Would you please return the lines of the entries below starting at the line that has "ataca de nuevo" and ending at the line that has "Arredare Un Terrazzo", both included, exactly as they are?

Given data:
■ ■ ■ ■ ■ ■ ■
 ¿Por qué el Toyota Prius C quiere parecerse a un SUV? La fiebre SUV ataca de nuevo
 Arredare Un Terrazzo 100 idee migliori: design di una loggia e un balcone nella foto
■ ■ ■ ■ ■ ■ ■
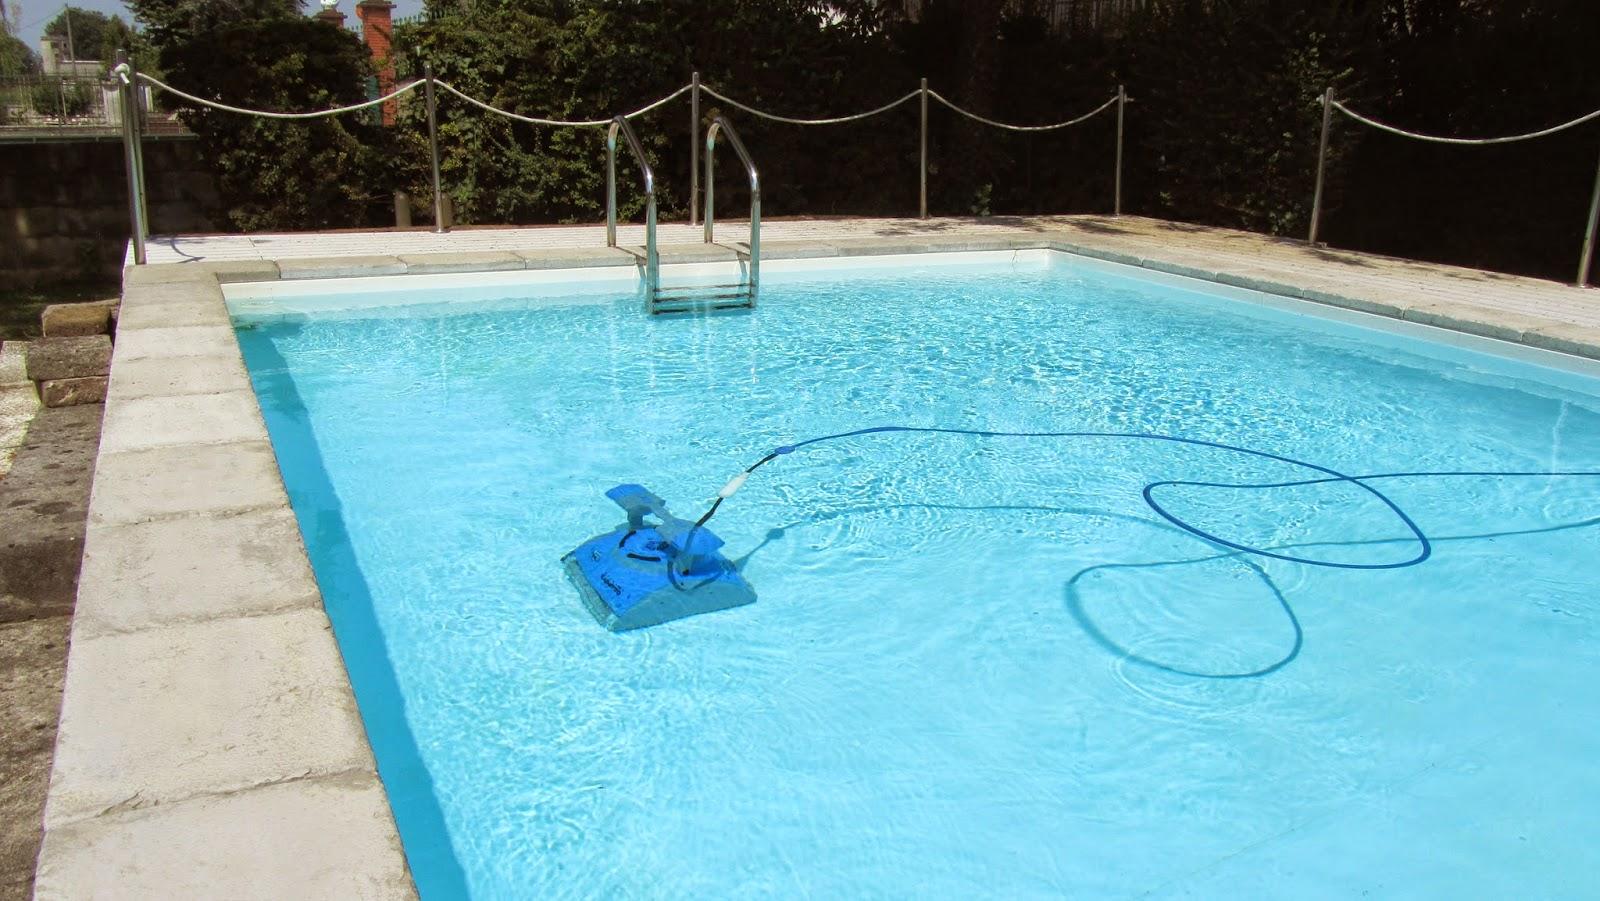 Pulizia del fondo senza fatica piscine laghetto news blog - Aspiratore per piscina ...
■ ■ ■ ■ ■ ■ ■
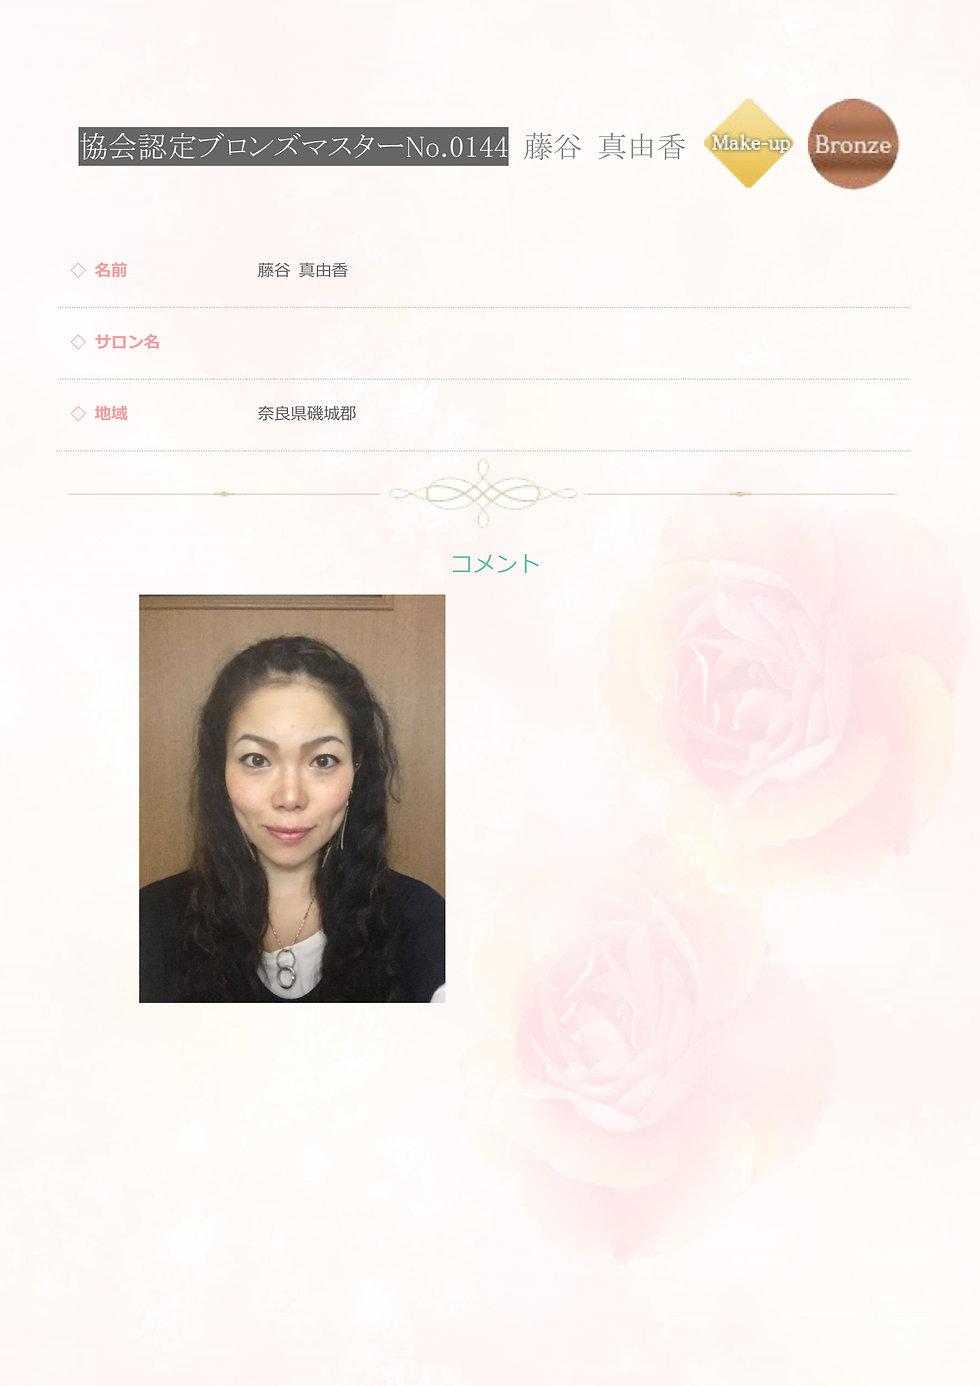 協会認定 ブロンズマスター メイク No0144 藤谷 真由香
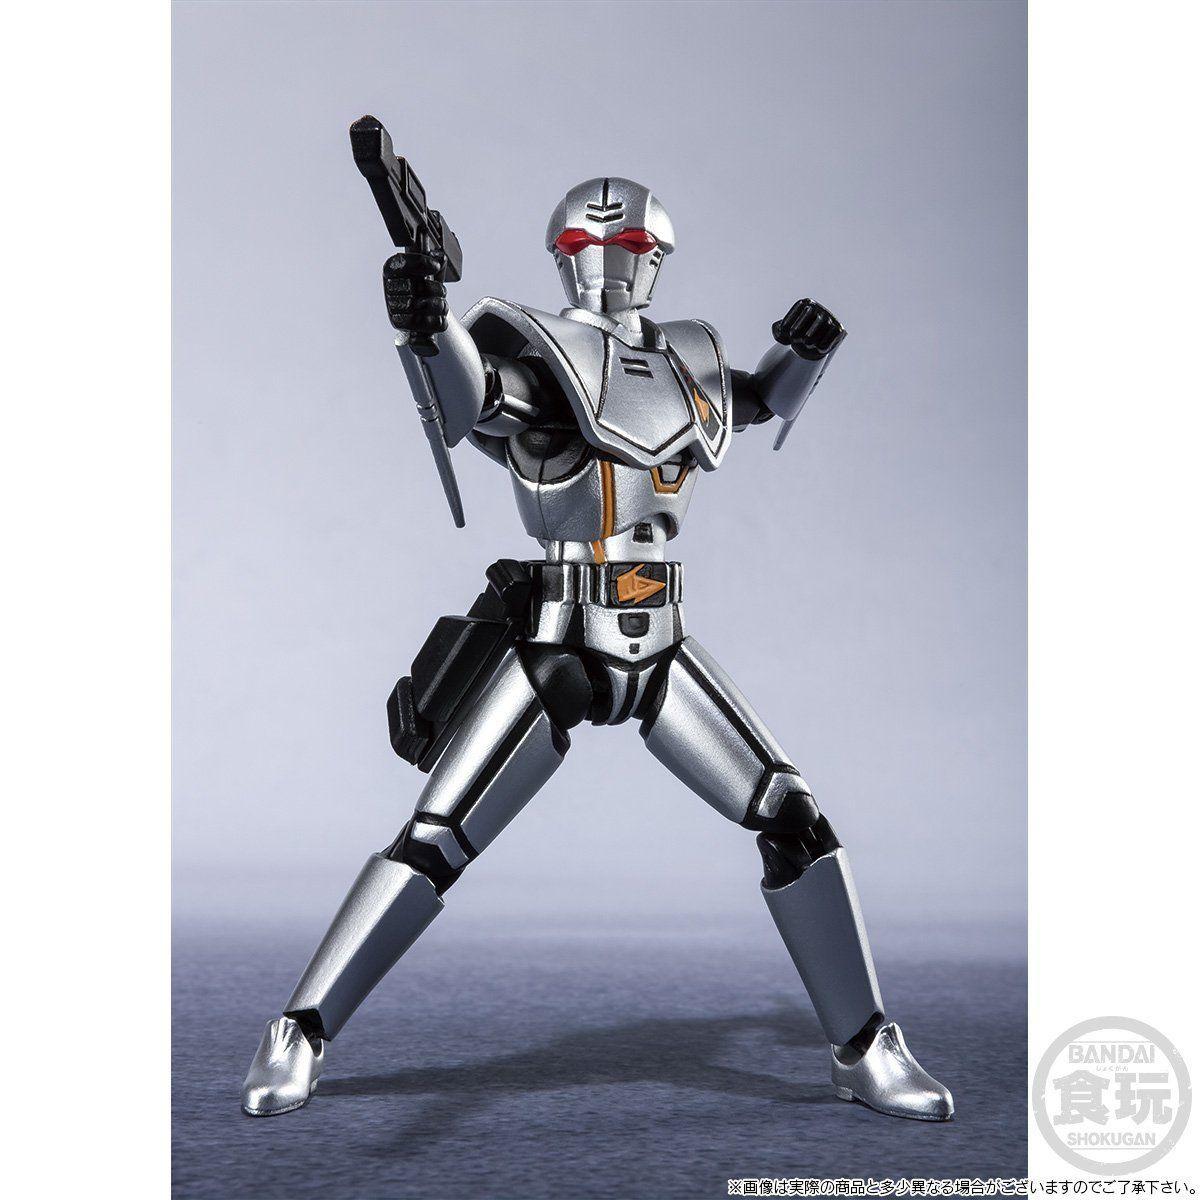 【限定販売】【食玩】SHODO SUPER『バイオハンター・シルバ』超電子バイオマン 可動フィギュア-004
■ ■ ■ ■ ■ ■ ■
Response to the exercise:
 ¿Por qué el Toyota Prius C quiere parecerse a un SUV? La fiebre SUV ataca de nuevo
 Arredare Un Terrazzo 100 idee migliori: design di una loggia e un balcone nella foto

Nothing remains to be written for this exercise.